EXERCISE AIM
Exact reproduction of all the data is required, with pictures excluded.

GIVEN DATA
======

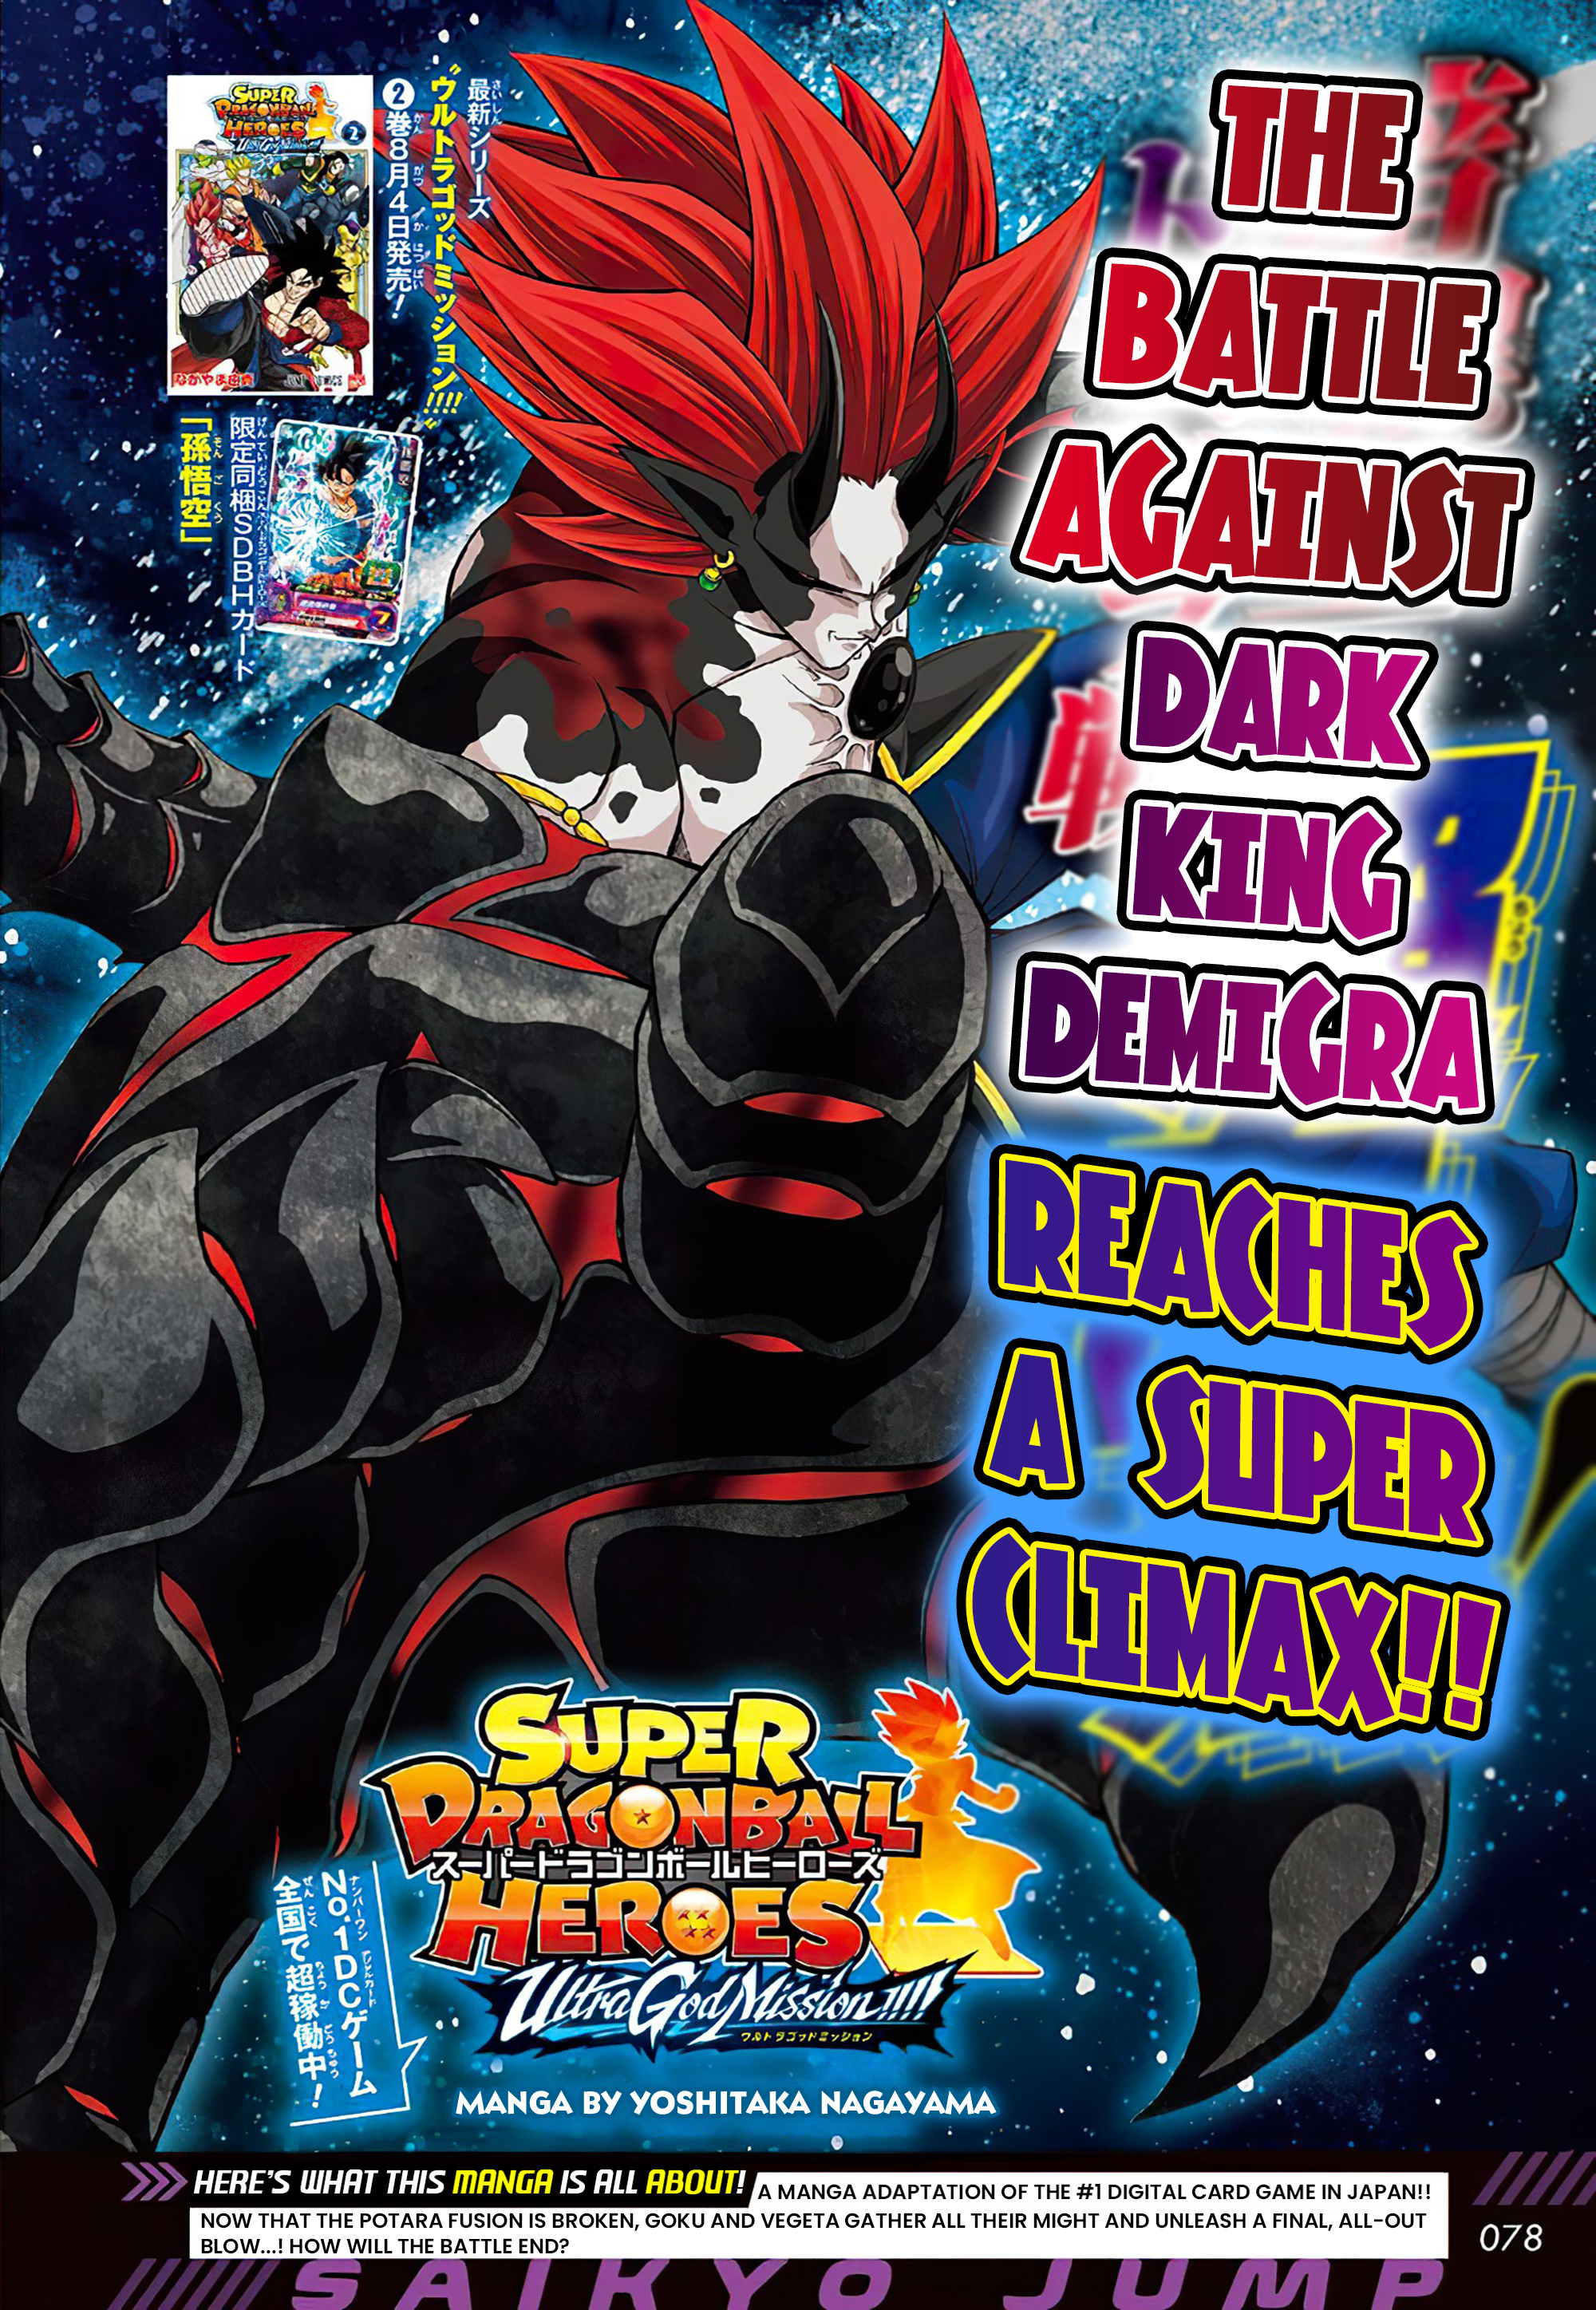 Super Dragon Ball Heroes: Ultra God Mission!!!! Vol.4 Chapter 18: The Battle Against Dark King Demigra Reaches A Super Climax!! - Picture 1
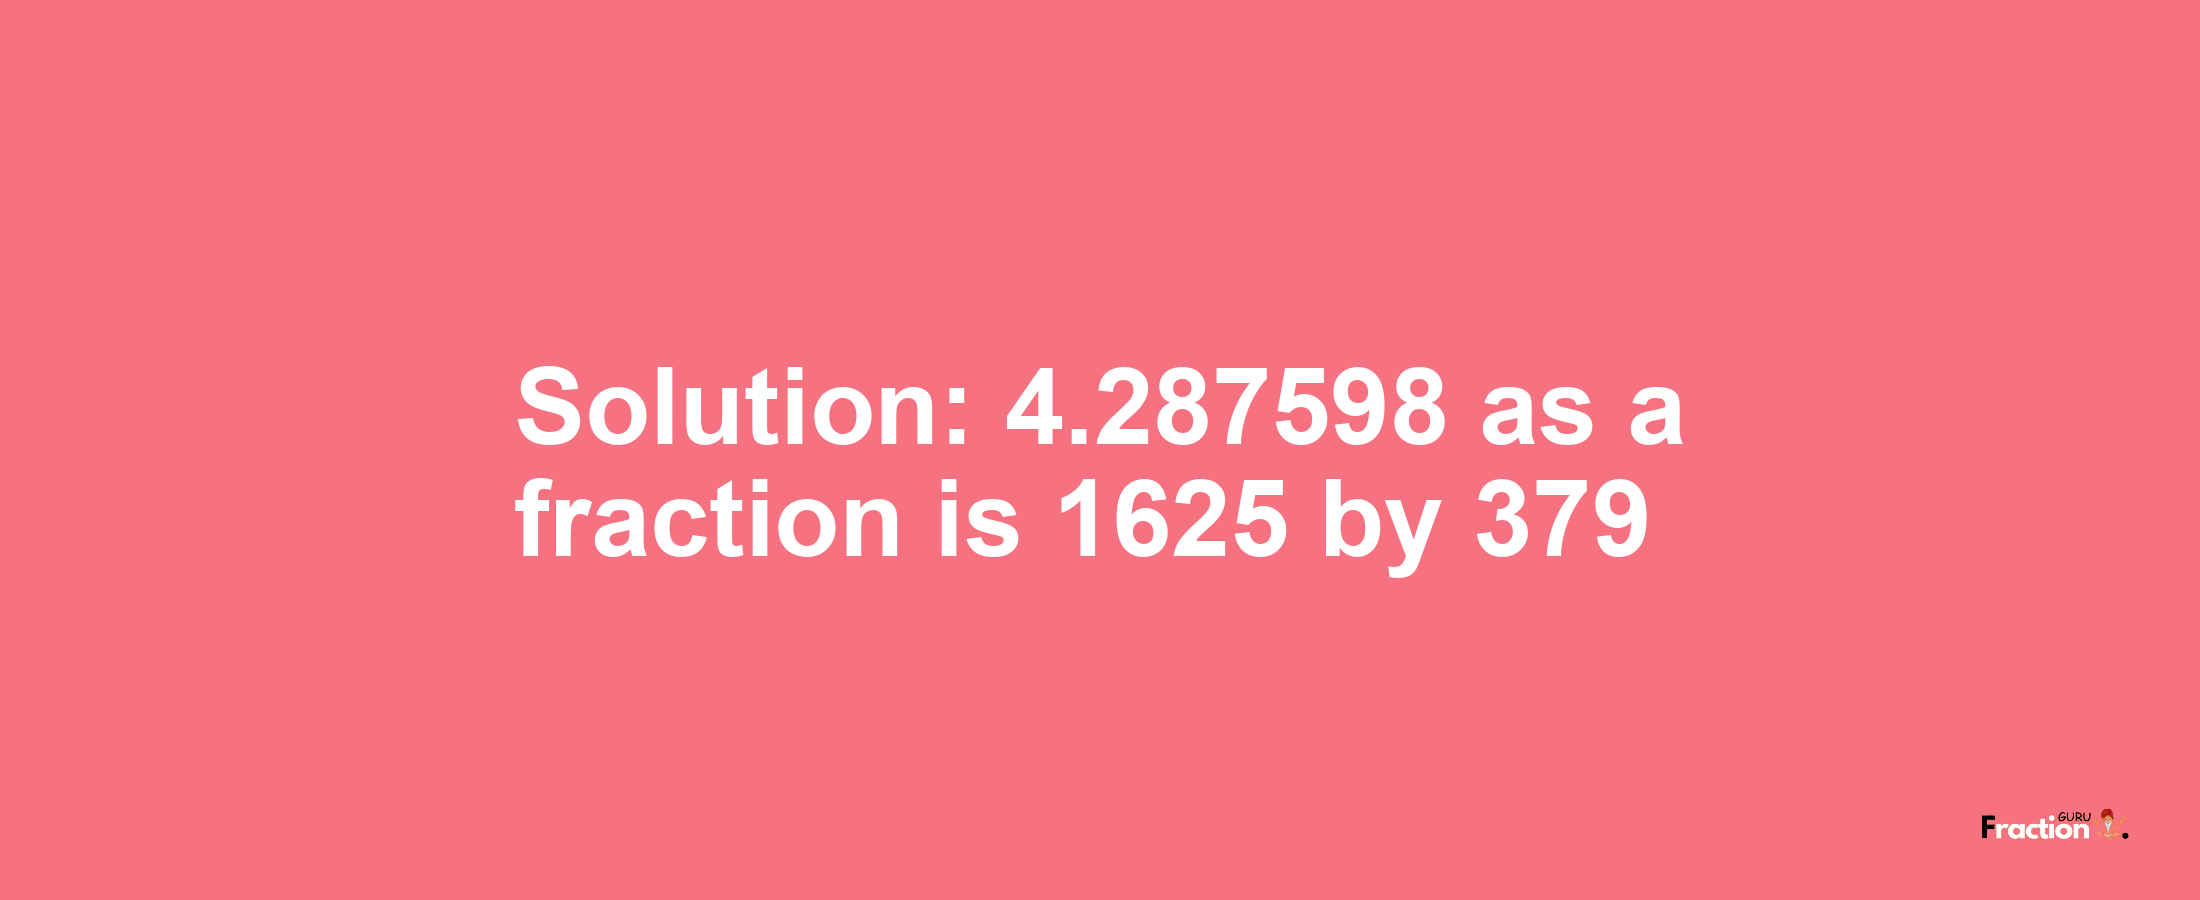 Solution:4.287598 as a fraction is 1625/379
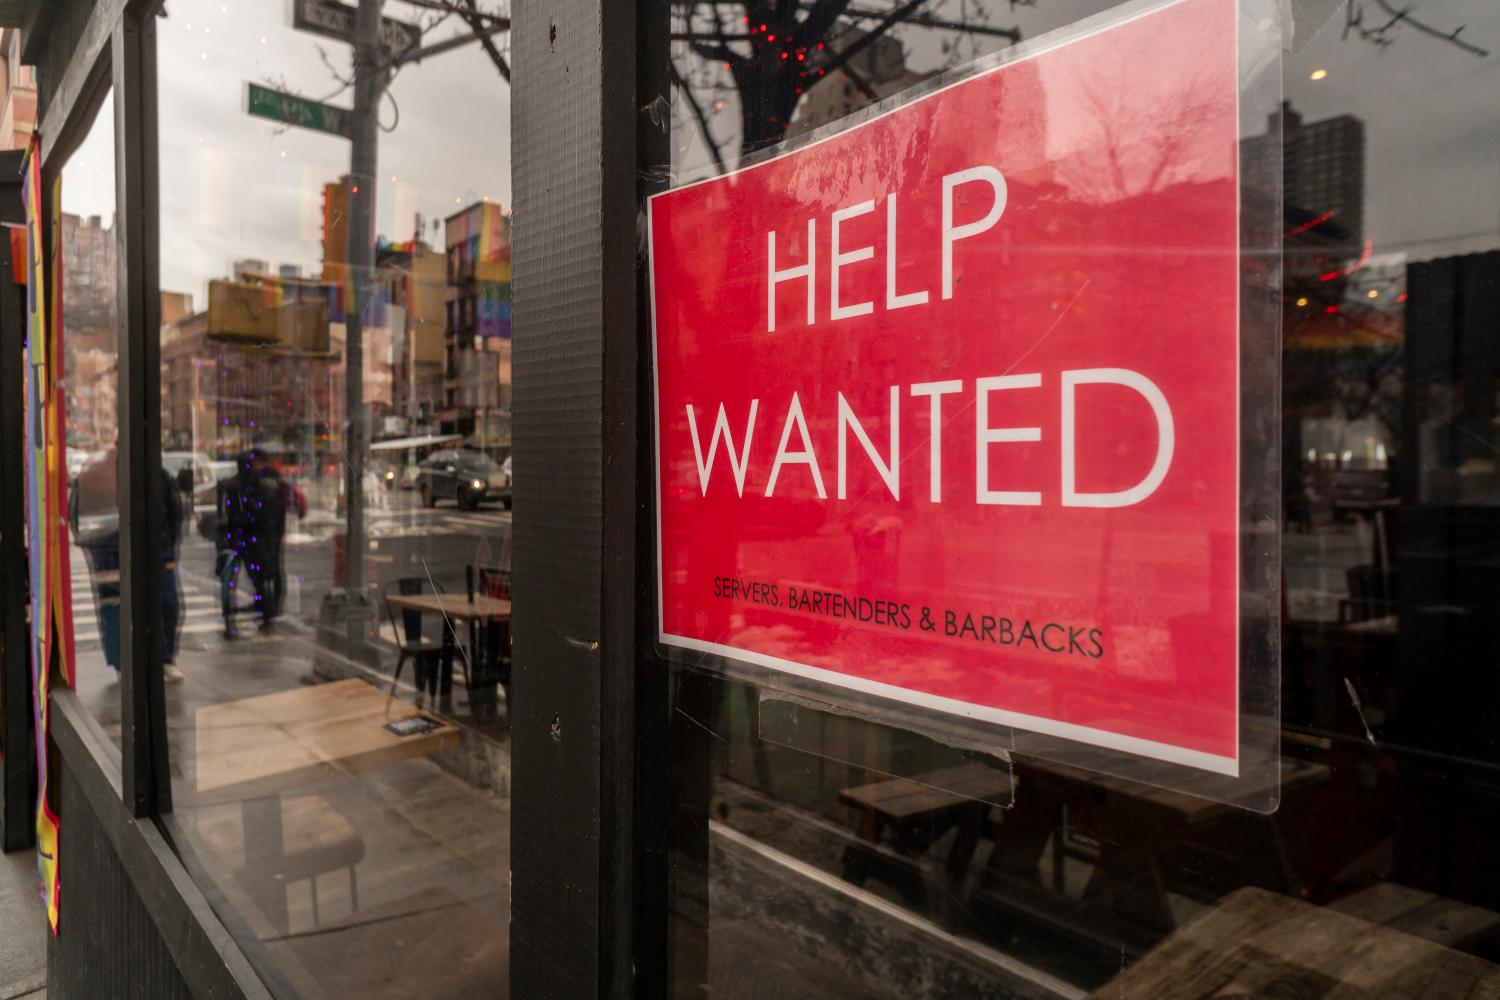 Help wanted sign in a restaurant window in HellÕs Kitchen in New York on Sunday, January 9, 2022. (Photo by Richard B. Levine)No Use Germany.

======

SOLVED EXERCISE
 Super Dragon Ball Heroes: Ultra God Mission!!!! Vol.4 Chapter 18: The Battle Against Dark King Demigra Reaches A Super Climax!! - Picture 1
 Solution:4.287598 as a fraction is 1625/379
 Help wanted sign in a restaurant window in HellÕs Kitchen in New York on Sunday, January 9, 2022. (Photo by Richard B. Levine)No Use Germany.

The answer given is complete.